Scottish Daily Mail

Leprosy in Britain? Blame Vikings and red squirrels

- By Colin Fernandez Science Correspond­ent

LEPROSY came to Britain as a result of the medieval trade in red squirrels, a study suggests.

Anglo-Saxons bought the rodents from Vikings for their fur and meat. As the squirrels harbour the leprosy bacterium, the disease was brought across the North Sea to East Anglia, archaeolog­ists believe.

Although the last case in humans in Britain was more than 200 years ago, the disease was rife during late medieval times, when sufferers were treated as outcasts.

Genetic analysis of a woman’s skull unearthed in a garden in Hoxne, Suffolk, showed she carried Mycobacter­ium leprae.

The Hoxne woman is one of a growing number of cases identified in human remains from the early medieval and Norman periods found in or around East Anglia.

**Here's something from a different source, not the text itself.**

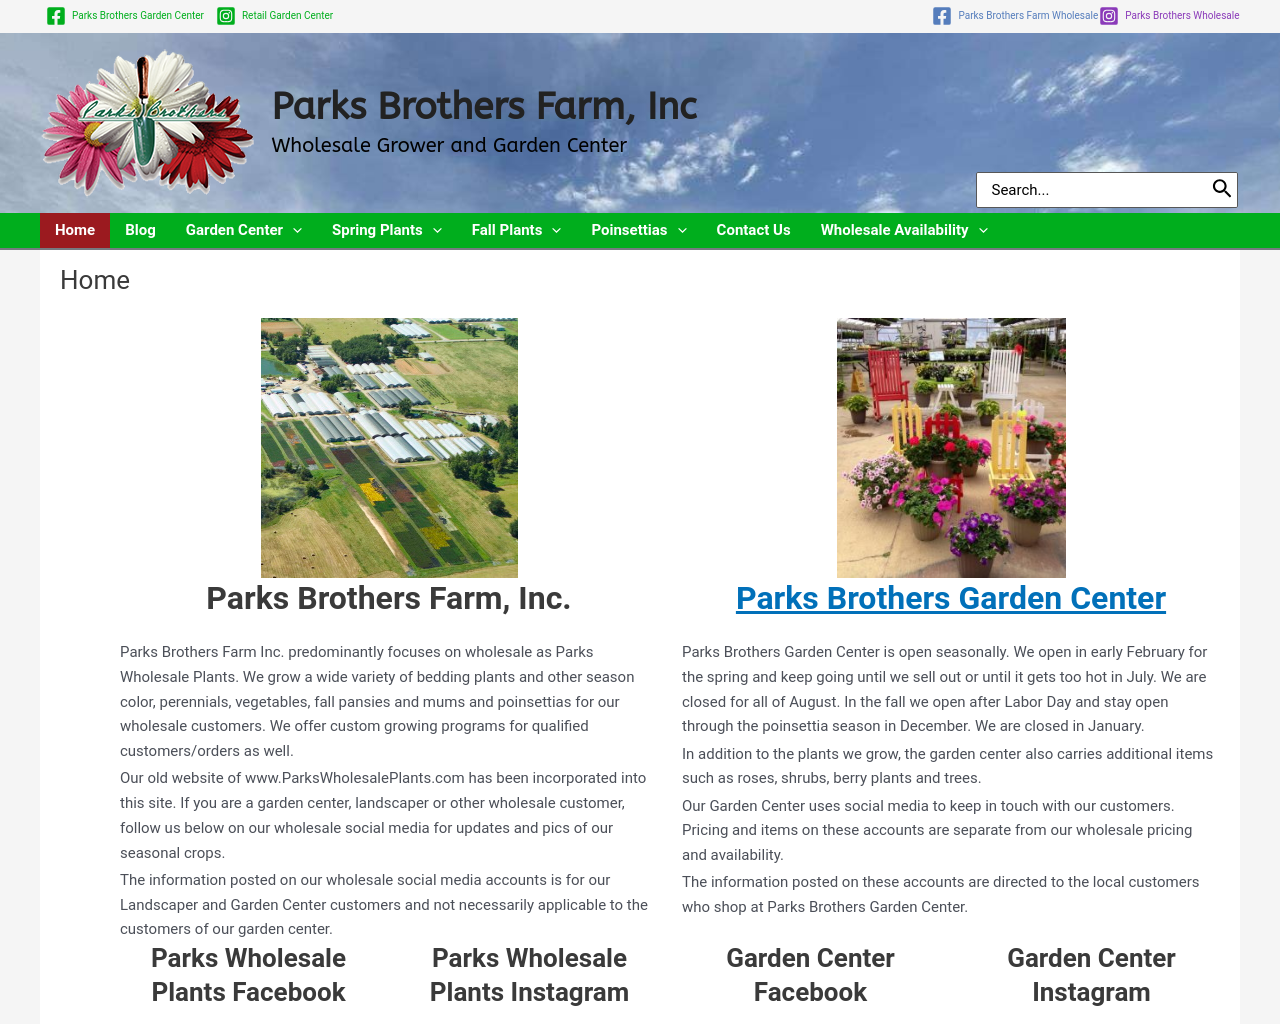 parkswholesaleplants.com

The strain has also been found in medieval Scandinavi­an skeletons – and is closely related to the strain found in red squirrels.

Sarah Inskip of Cambridge University, who led the research, said contact with the ‘highly-prized’ squirrel pelts and meat traded by Vikings could have spread the disease and would explain why leprosy was endemic in coastal areas of East Anglia earlier than it was in other regions of Britain.

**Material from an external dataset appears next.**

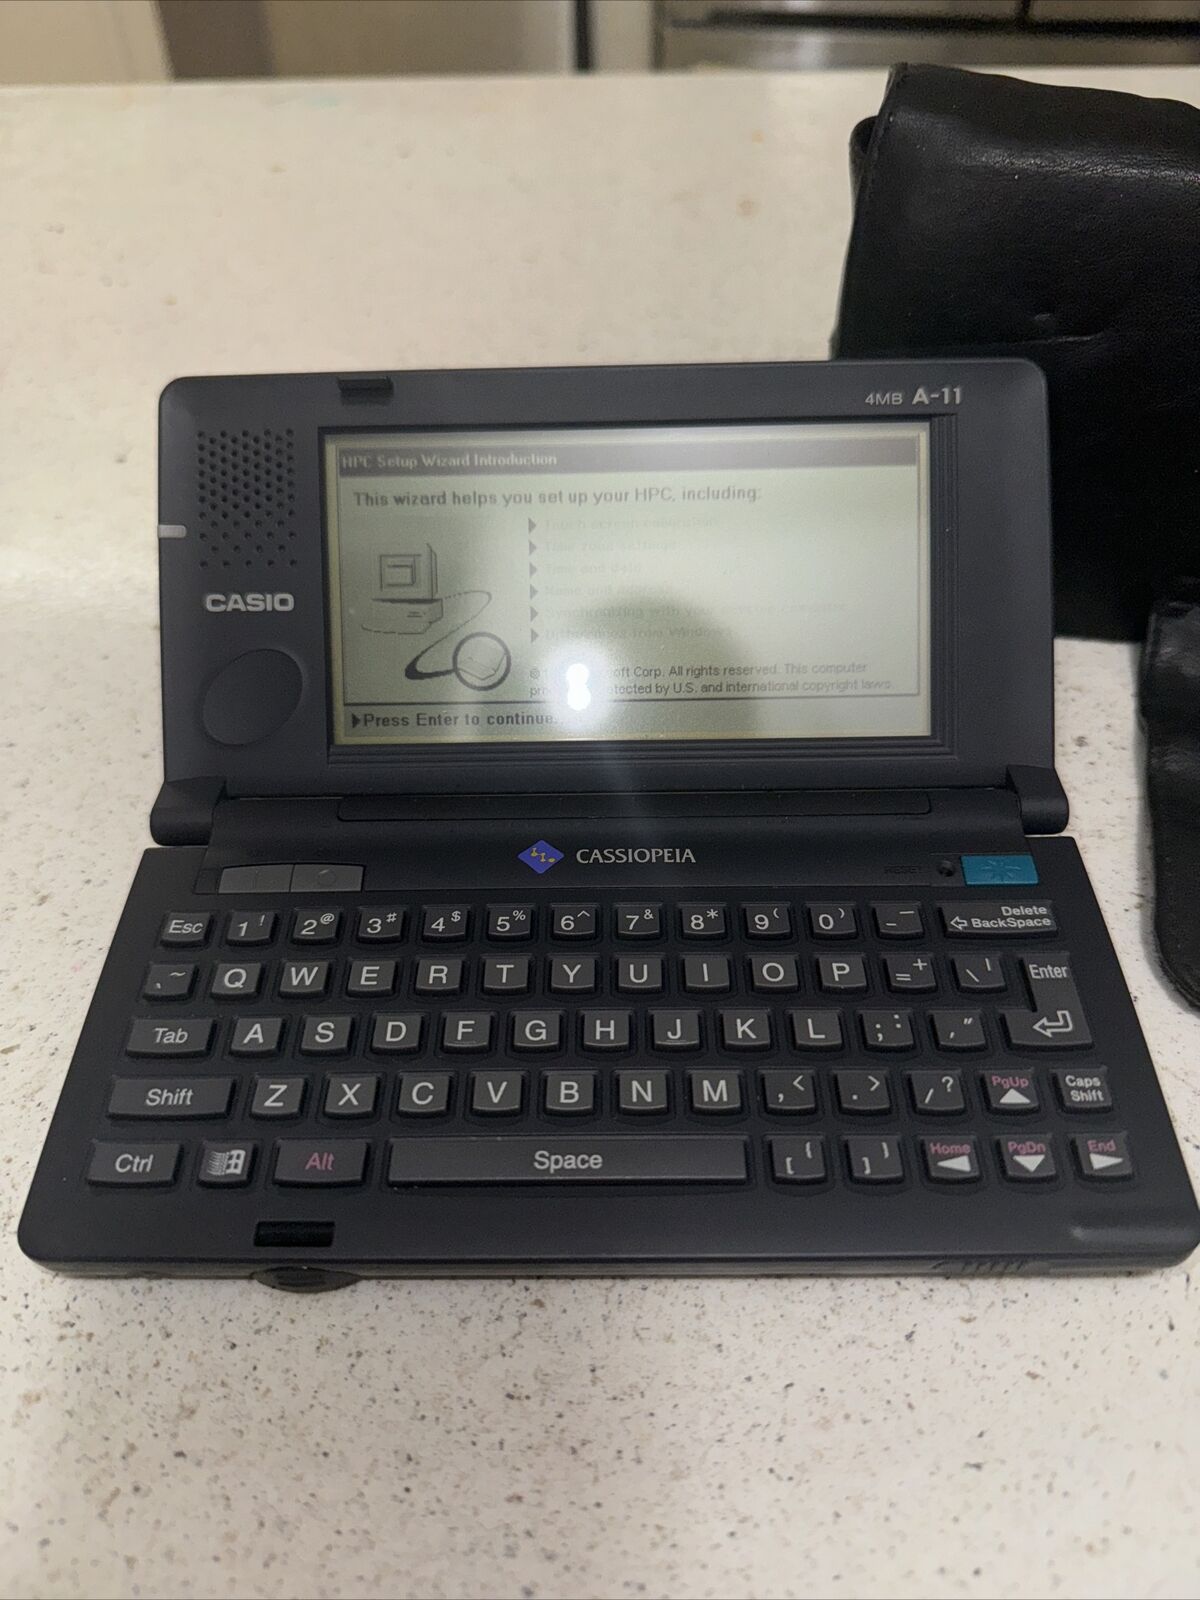 Cassiopeia A-11 4MB - RARE Vintage PDA / Pocket Computer - Casio - Windows CE

Research has shown that the disease can be passed from animals to humans, she added. ‘It is questionab­le how long the bacteria could have survived on fur or meat, but it’s notable that squirrels were also sometimes kept as pets.’

Tests on the Hoxne woman showed she lived sometime between 885 and 1015, and probably ate a diet of wheat, barley and pottage with a small amount of animal protein, according to the research, published in the Journal of Medical Microbiolo­gy.

Damage to her skull indicated she suffered from leprosy and would have had extensive facial lesions. The same strain of leprosy was found in the skeleton of a man from Great Chesterfor­d, Essex, who lived around 400 years earlier.

A recent study found leprosy infection in red squirrels on Brownsea Island, Dorset.